Gong-bi, bird and flower, paintings have existed in China for more than a thousand years. Most of the works in Liang’s exhibition are in this genre: a bird nestled in a yellow spray of gingko leaves, another on an engulfing green lotus leaf that swells across the paper, birds singing among leaves of hallucinogenic blue and red. Liang goes out into the world to search for images that imprint a precise emotion, then he returns to his studio and uses a combination of hand-ground traditional pigments and modern India inks to build his intricate, flowing depictions. He will typically paint each leaf over at least five times, careful never to touch the black lines with the colored ink. “This type of painting, it’s from the inside of his heart,” his wife explained, “a combination of his environment and his dreams.”
LIANG BEGAN his formal education in art at age 11, by studying calligraphy. As an adult in China, he spent years professionally expressing his sympathy for line, color and pattern by designing the lay-outs of trade-shows that became increasingly large, frequent and frenetic as his country transitioned towards the free-market. Only at night could he make art for himself. Finally, unable to stand seeing his day’s work taken down at the end of a week or a weekend, he moved to America with the help of a friend, and became a professional painter of emotion.
Most of Liang’s landscapes date from his time living in Connecticut. He and his wife and two children would take long driving trips through Vermont and New Hampshire. They searched out the grand vistas and the quiet corners of the forest, “the mountains and the small streams.” But after moving to his current home in Springfield, Liang found he was unable to summon his all-encompassing visions of the natural world.
When asked about the harvest moons that fill the background of many of the gong-bi paintings in his show, he replied with a smile that in Springfield he looked for the moon because it was all he could see. Springfield inspired Liang’s intimate paintings of birds and branches. Old Town, he said, has inspired him to paint its old buildings. But it will take years for him to transform this inspiration into a painting. “First of all he has to go out and get feeling of them,” May said. “Then he has to capture all their individuality in detail and in character.” But technically perfect painting is not enough. “[If] there’s no connection between the real thing and the painting,” May translated, “that’s a failure.” Both Liang and his wife struggle to define this connection. “The spirit,” May said, then tried again, “the personality.”
Later, Liang gave a succinct update on his progress towards painting Old Town. “Feel coming, but no paint. I don’t know why.”
Abandoning a familiar genre for the unknown is a commitment to immense frustration. But Liang made clear throughout the interview that his desire to push past barriers in his art drives his painting. “This is very hard,” he said of his vigil in Old Town, “But once you reach that level, you can be very happy.”

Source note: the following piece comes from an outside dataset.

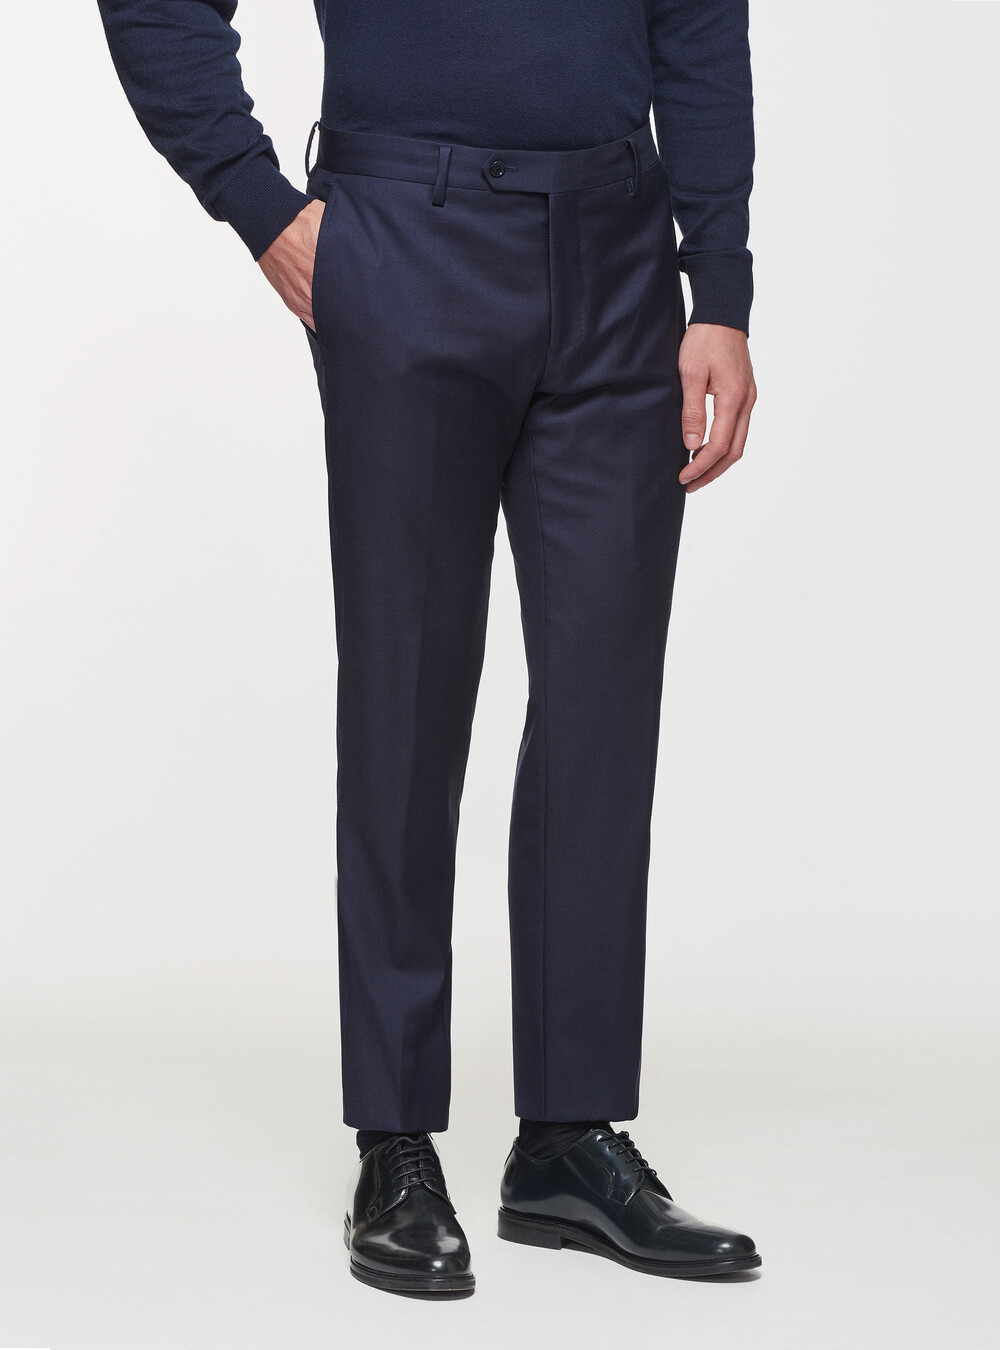 Trousers in pure 110's superfine wool | GutteridgeUS | Men's catalog ...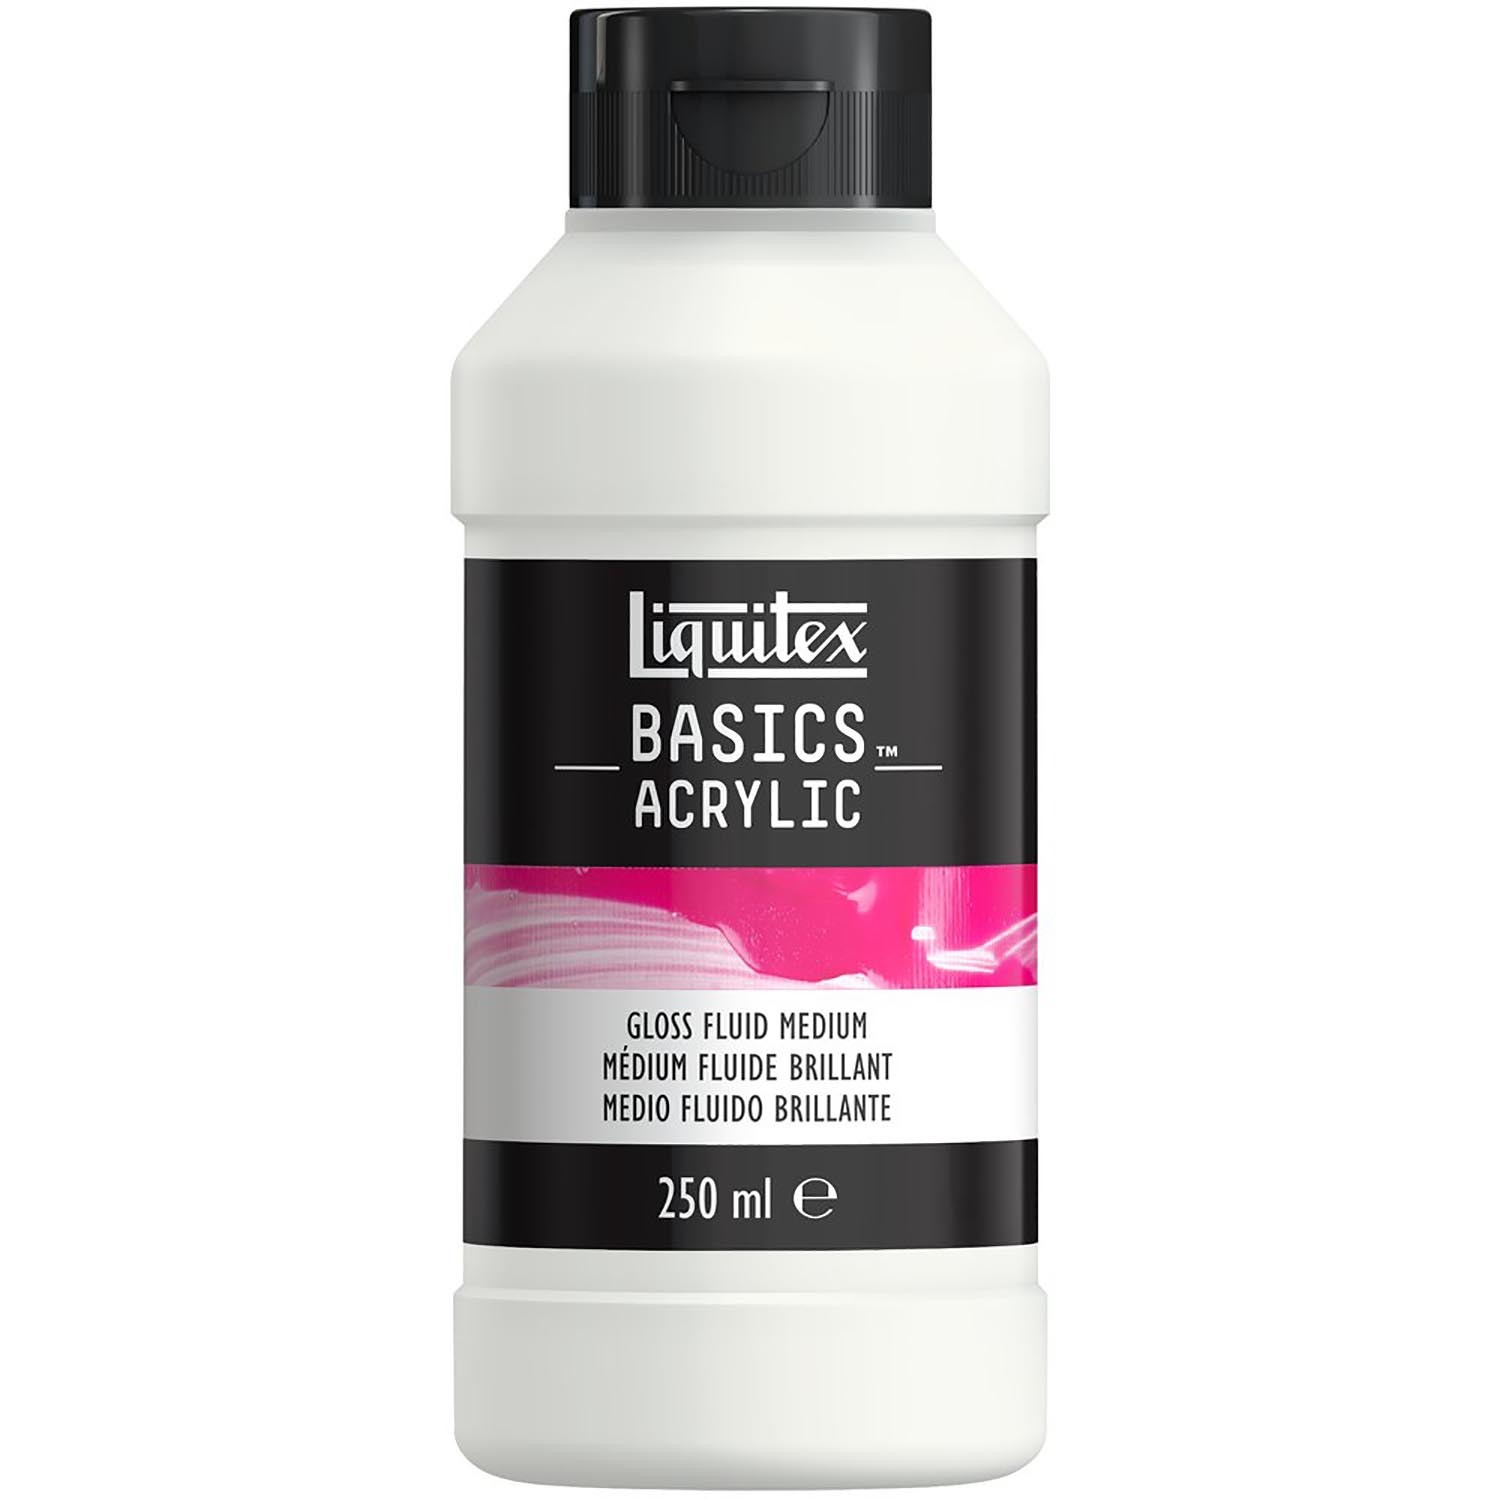 Liquitex Basics Acrylic Gloss Fluid Medium 250ml Image

The levels he is striving for are ultimately emotional. Looking at a painting of ridges covered by trees with red autumn leaves, Liang said he would like to paint these mountains (inspired by Utah’s national parks ) in every emotional range. He would do this by painting them in different seasons. “Its just like the west, and the mountains, gave him a feeling of greatness,” said his wife. But Liang interjected in his halting English. “Still you have to deal with the color and the control and the composition.”